I’ve been experimenting with a number of technologies to generate workloads and give some demos to
prospective Eucalyptus customers. A NoSQL database seems like a great use-case to demo as the technology benefits from
being designed for scale-out workloads and this happens to be exactly what an IaaS Cloud does best.
There are an abundance of NoSQL implementations (Cassandra, MongoDB, Couchbase, Neo4j…), written in different programming
languages and with slightly different takes on which two parts of the CAP theorem
they choose to implement and which method they will use to store and display data.
For this post I’m going to be using MongoDB, which is in the “CP” camp, it handles Consistency and Partition Tolerance
whilst forgoing Availability (Every request may not see a response), although MongoDB still provides some great availability
MongoDB is supported by 10gen, seems fairly mature and has a large community of users with
modules for a ton of different programming languages.

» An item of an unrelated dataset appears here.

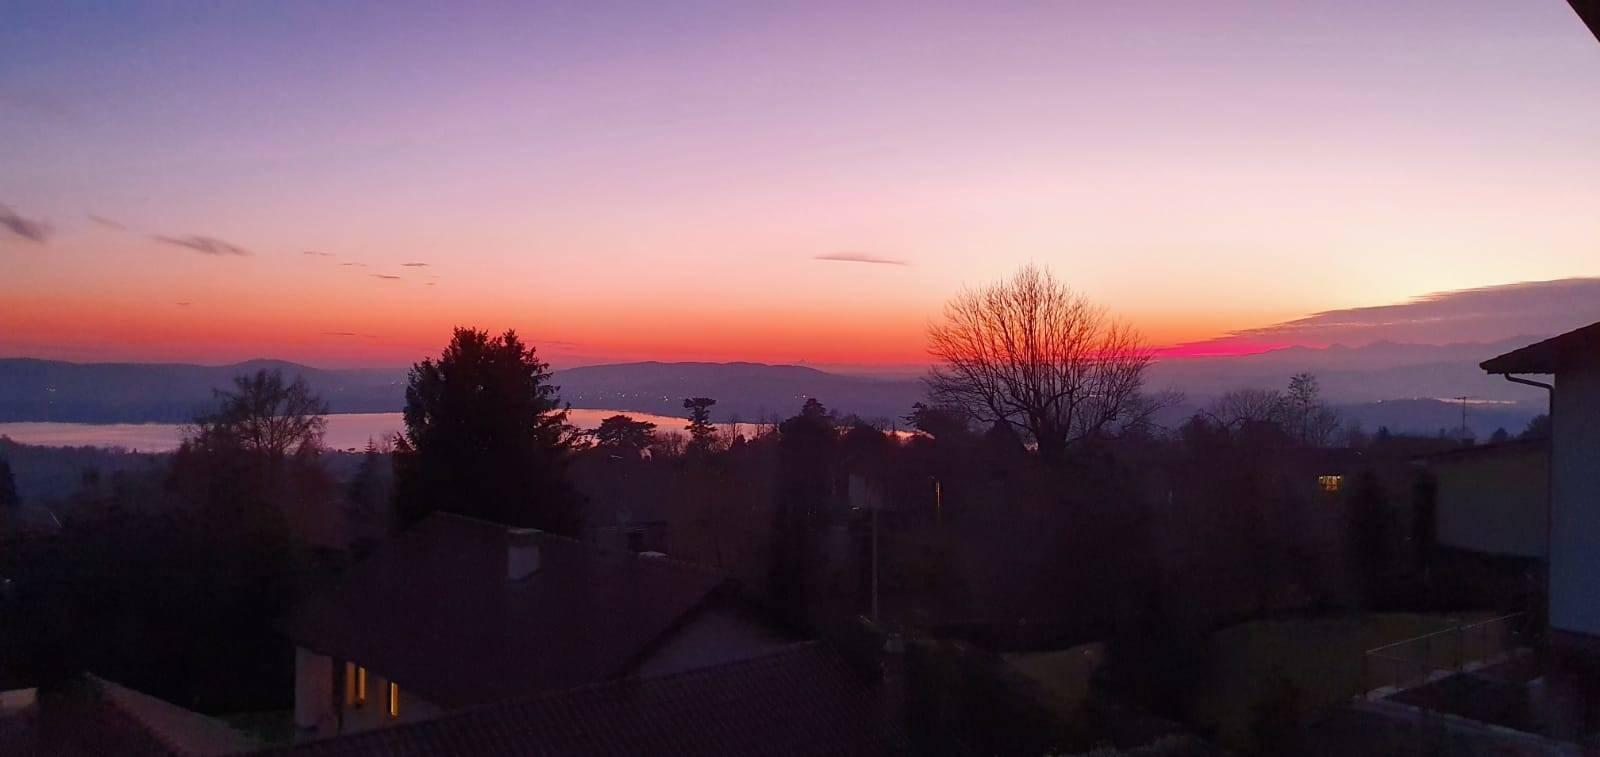 tramonto a barasso

Cassandra also interests me and I’ll tackle that in a later post.
We also need a bunch of data and whilst there are large datasets available on the internet, last week I read a
post on using the Twitter streaming API
with Ruby and storing that data in MongoDB and thought it would be cool to use it, albeit with Python instead of Ruby.
Creating an ssh keypair and application security group
To start, let’s setup a keypair and security group for MongoDB so that we can ensure it is not going to be accessed by anyone else:
Ensure we have our Eucalyptus or Amazon credentials in the environment
Create an ssh keypair
euca-add-keypair mongodb > ~/mongodb.key
chmod 400 ~/mongodb.key
Add SSH, MongoDB and MongoDB admin interface ports to mongodb security group
euca-create-group mongodb -d “MongoDB databases”

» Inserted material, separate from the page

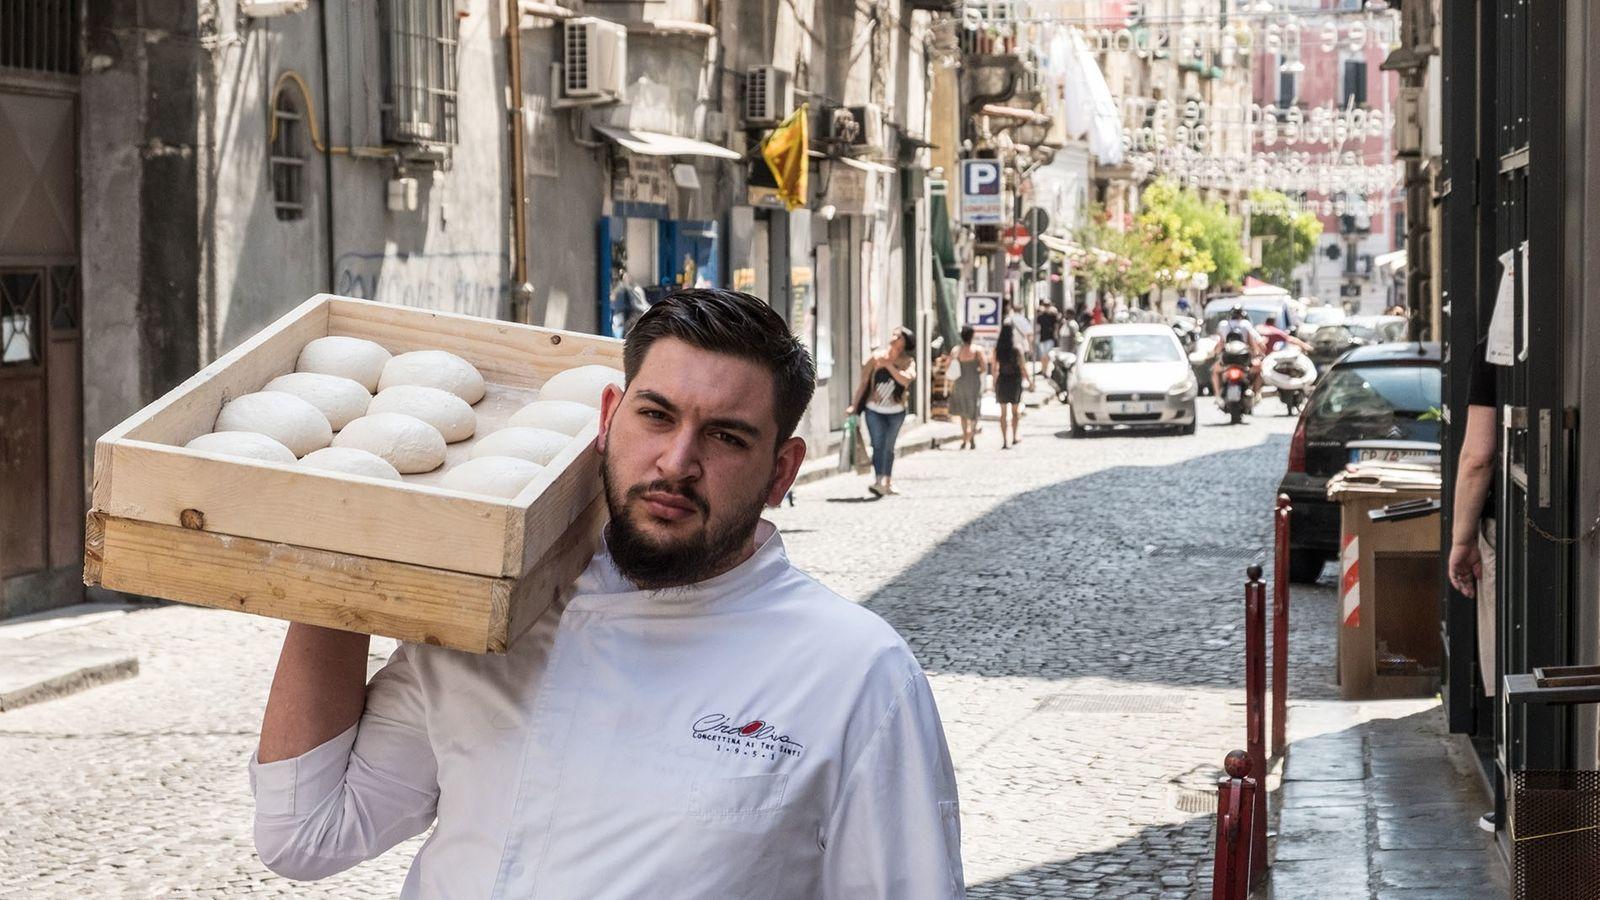 Pizza chef outside Concettina ai Tre Santi pizzeria with a tray of dough.

Replace 0.0.0.0/0 with your IP e.g. 126.96.36.199/32 to restrict it to just your system
euca-authorize -P tcp -p 22 -s 0.0.0.0/0 mongodb
euca-authorize -P tcp -p 27017 -s 0.0.0.0/0 mongodb
euca-authorize -P tcp -p 28017 -s 0.0.0.0/0 mongodb
Run an instance
We can now spin up an instance running Ubuntu 12.04 LTS x86_64 and install MongoDB on our private cloud:
euca-run-instances -k mongodb -g mongodb -t c1.xlarge emi-87F63CE5
If you are using AWS or your own cloud you’ll need to substitute the EMI ID I’ve used with
one an AMI of Ubuntu or your own image ID.
You will also need to use your own keypair.
After a few moments our instance should show as ‘running’:
RESERVATION r-AB3F4645 985725263417 mongodb
INSTANCE i-D89D40E2 emi-87F63CE5 188.8.131.52 184.108.40.206 running mongodb 0 c1.xlarge 2013-02-03T22:40:26.743Z cluster1 eki-222540D6 eri-A5753DBE monitoring-disabled 220.127.116.11 18.104.22.168 instance-store
Let’s connect to the instance and install MongoDB:
The MongoDB documentation
goes into the installation of MongoDB in more detail.
Ubuntu 12.04 LTS has version 2.0.4 of MongoDB in it’s repositories, 2.2.3 is the current stable version
upstream so we’ll use the repository from 10gen to install the latest package.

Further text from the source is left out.